Выбрать главу

Наука в XXI веке превратилась в индустрию. Открытия, о которых то и дело пишут газеты, — расшифровка генома, доказательство существования топ-кварков, открытие новой планеты по анализу колебаний далекой звезды, — стоят миллионы долларов. Они порождают терабайты информации, для изучения которых необходимы суперкомпьютеры, превратившиеся в фабрики по производству расчетов и излучающие столько тепловой энергии, что для их охлаждения требуются установки, потребляющие не меньше электричества, чем небольшие города. Эксперименты проводятся исследовательскими группами, по своим размерам не уступающие корпорациям.

Однако совсем недавно самые потрясающие научные открытия делались учеными в одиночку. Великие эксперименты, существенно расширявшие границы познанного, ставились одним или двумя учеными на лабораторном столе. Расчеты, если в них возникала необходимость, делались на листе бумаги, а позднее — с помощью логарифмической линейки.

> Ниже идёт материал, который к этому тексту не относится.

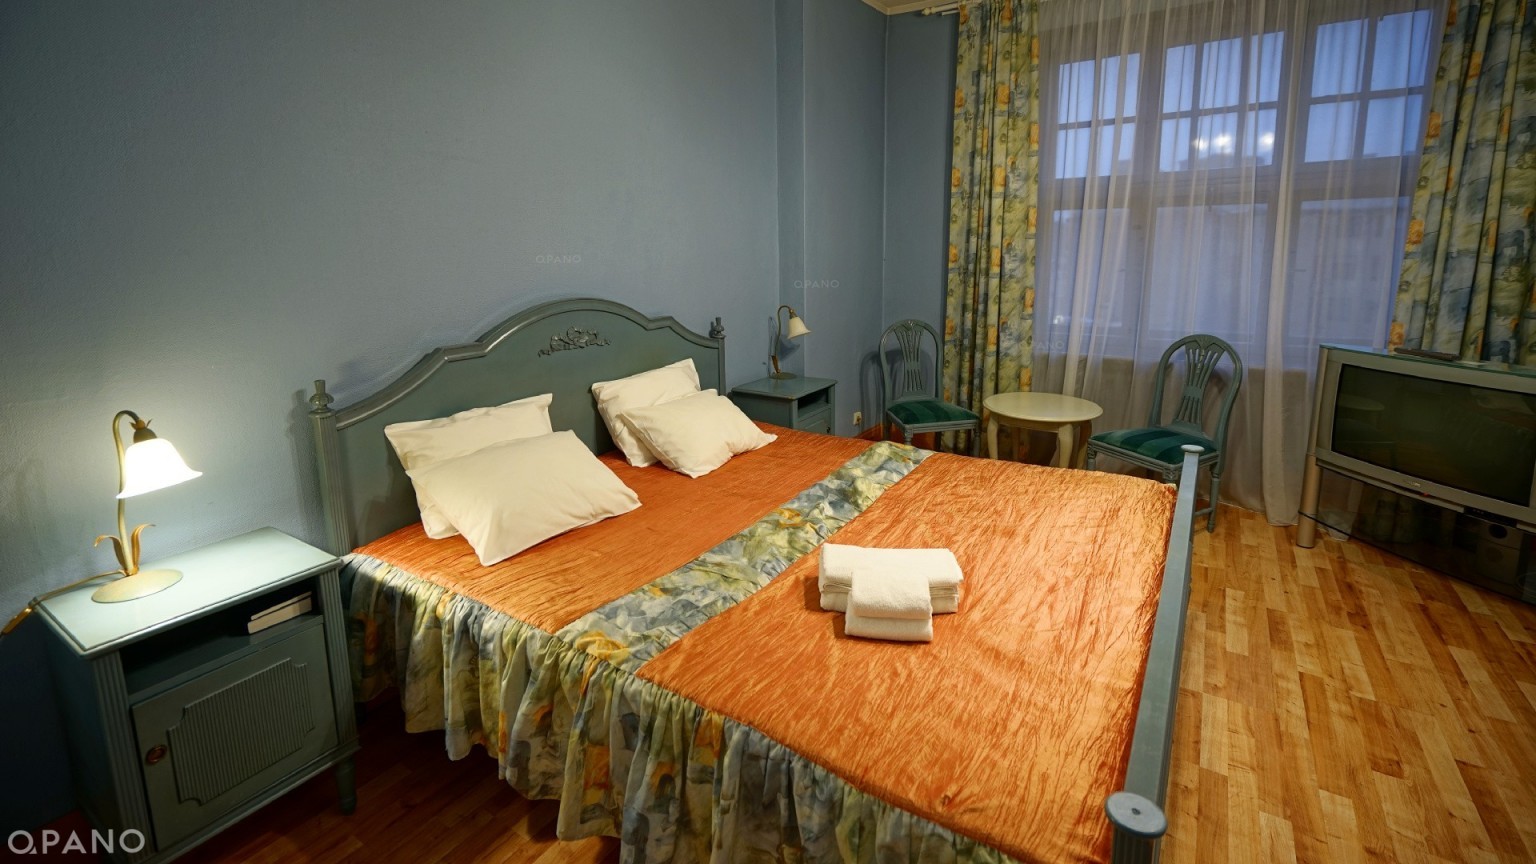 QPANO:Hotel Viktorija - Rooms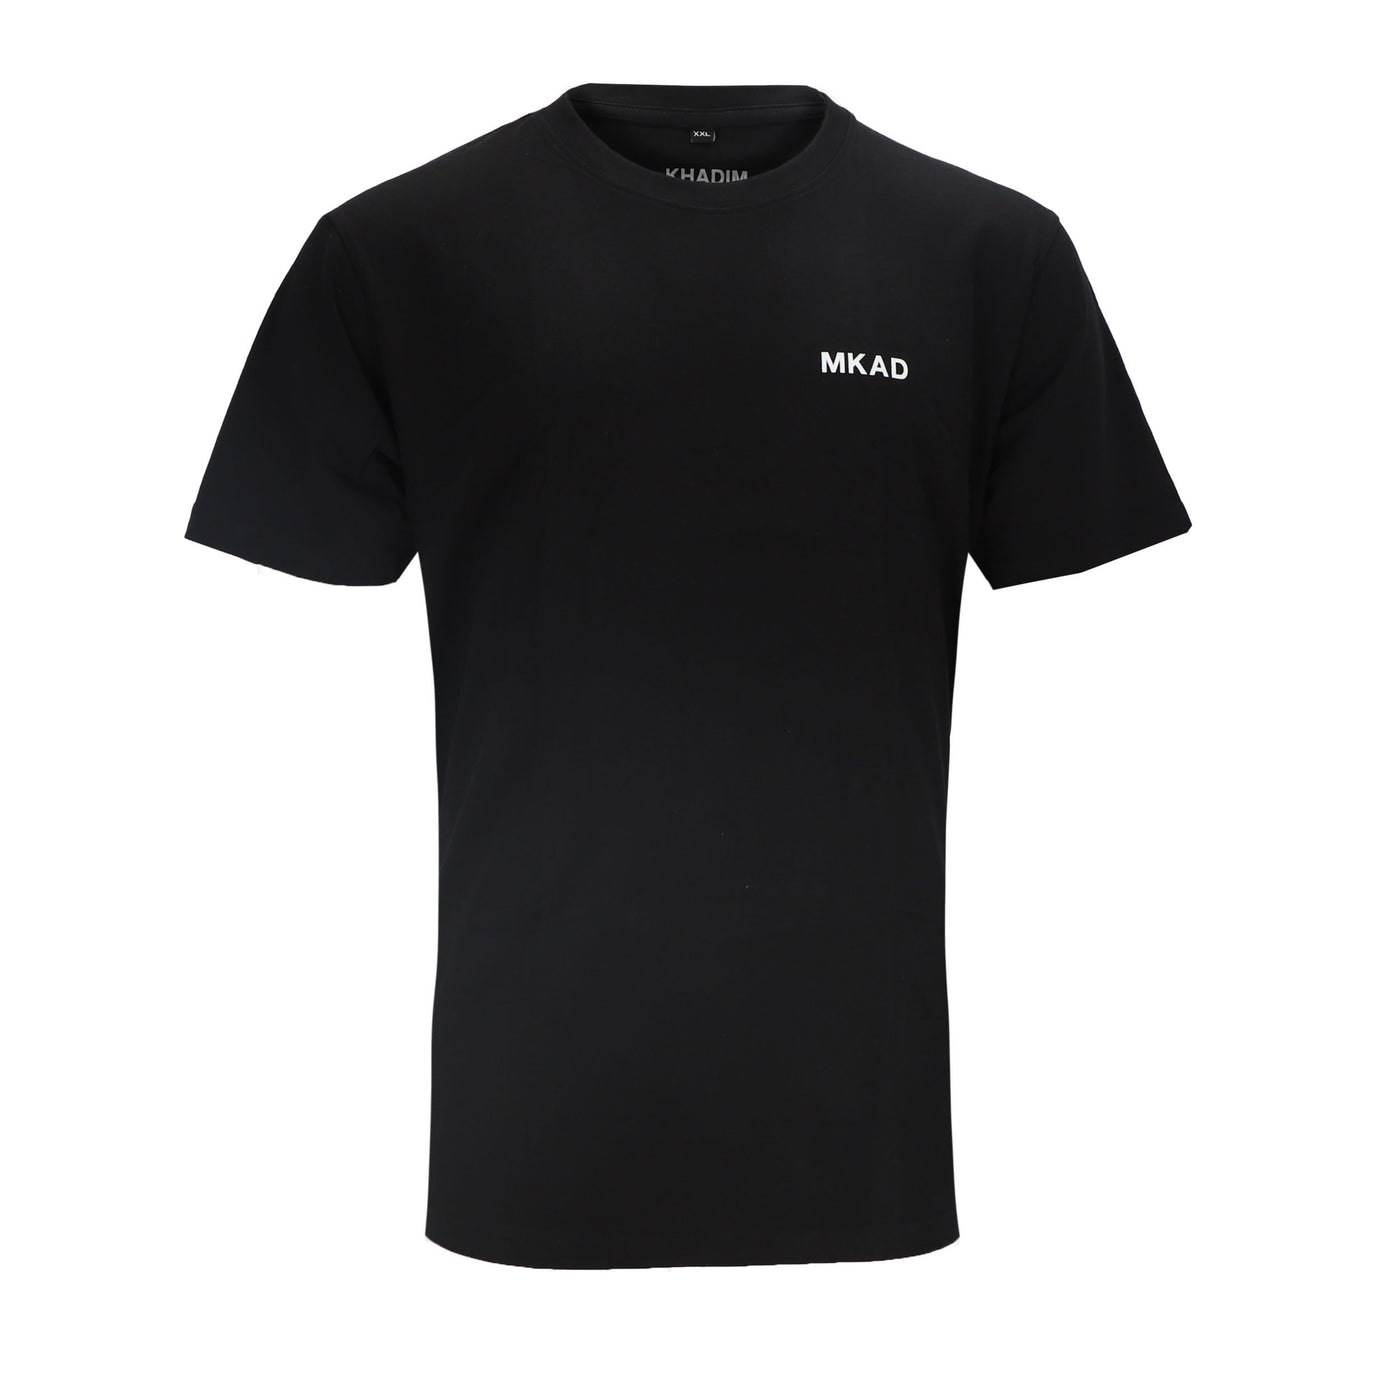 Basic T-Shirt schwarz

Эти эксперименты задумывались и проводились с такой безупречной элегантностью, что заслуживают, чтобы их называли красивыми. Причем красивыми в классическом понимании этого слова — логическая простота оборудования наряду с логической простотой анализа кажутся столь же безупречными и естественными, сколь и линии древнегреческой статуи. Они не оставляют места сомнениям и неоднозначности, расширяя и углубляя наши знания о природе. Будучи популяризатором науки, я восхищаюсь такими умозрительными построениями, как квантовая механика и общая теория относительности, которые стремятся отразить реальность с помощью нескольких изящных уравнений. Чтобы понять, насколько абстрактными стали эти исследования, достаточно упомянуть теорию суперструн, утверждающую, что материя изначально генерируется математическими сниппетами, колеблющимися в десятимерном пространстве. Это потрясает воображение, но при этом и запутывает обычного человека, да настолько, что возникает острое желание вернуться к первоосновам.

Журнал Physics World («Мир физики») однажды провел опрос своих читателей, спросив их, какие эксперименты они считают самыми красивыми. По результатам опроса были названы десять лучших экспериментов, которые, как и предполагалось, относятся к области физики. Но я подумал, а что, если раскинуть сети шире? И тогда появился мой собственный список.

Первым делом нужно было определиться, с чего начать. С Фалеса, натирающего янтарь, чтобы получить статическое электричество? Но здесь нет той элегантности, которая меня восхищает: ничего нельзя регулировать, нет никакой системы — Фалес не пытался понять, какие материалы, при каких условиях могут заряжаться таким образом. Ведь, как удалось показать Гилберту, это свойство янтаря вовсе не уникально. Экспериментальная наука явно началась не с Фалеса.

Может, стоит начать с Пифагора, еще одного досократика, который обнаружил, что звучание музыкальной струны подчиняется строгим математическим пропорциям? Если вся струна дает ноту до, то три четверти струны будут звучать как фа, а две трети — как соль. Если снова взять половину струны, то она зазвучит как нота до, но более высокой октавы. Все вещи суть числа, заявил Пифагор, предложив, тем самым, еще одну теорию Великого объединения. Тут бы ему остановиться, но он в своих рассуждениях пошел дальше и сказал, что огонь состоит из 24 прямоугольных треугольников, а вода — из ста двадцати. Так эксперимент уступил место мистицизму.

Можно рассмотреть кандидатуру Архимеда. Не очень достоверный рассказ о том, как он выскочил из ванны с криком «Эврика!», когда ему открылся закон, получивший его имя, преуменьшает значимость этого открытия. Его трактат «О плавающих телах» считается шедевром математического мышления, и не только потому, что знаменитому греку удалось сформулировать ныне всем известный закон (на всякое тело, погруженное в жидкость, действует выталкивающая сила, направленная вверх и равная весу вытесненной им жидкости). Он также рассчитал, как конический объект, называемый параболоидом, будет плавать при погружении в воду. (Айсберги можно приближенно рассматривать как параболоиды, и ведут они себя примерно так, как предсказывал Архимед.)

Своим авторитетом, однако, он обязан умению мыслить, а не эксперименту. Это еще один великий теоретик. Я же хочу найти те редкие случаи, когда, используя подручный материал, любопытствующая душа умудряется задать вопрос Вселенной и не успокаивается, пока не получит ответа, В идеале даже сами приборы, с помощью которых ищется этот ответ, должны отличаться красотой — полированное дерево, бронза, сияющий черный эбонит. Но еще большее значение имеет красота схемы эксперимента и его исполнения, чистота линий человеческой мысли.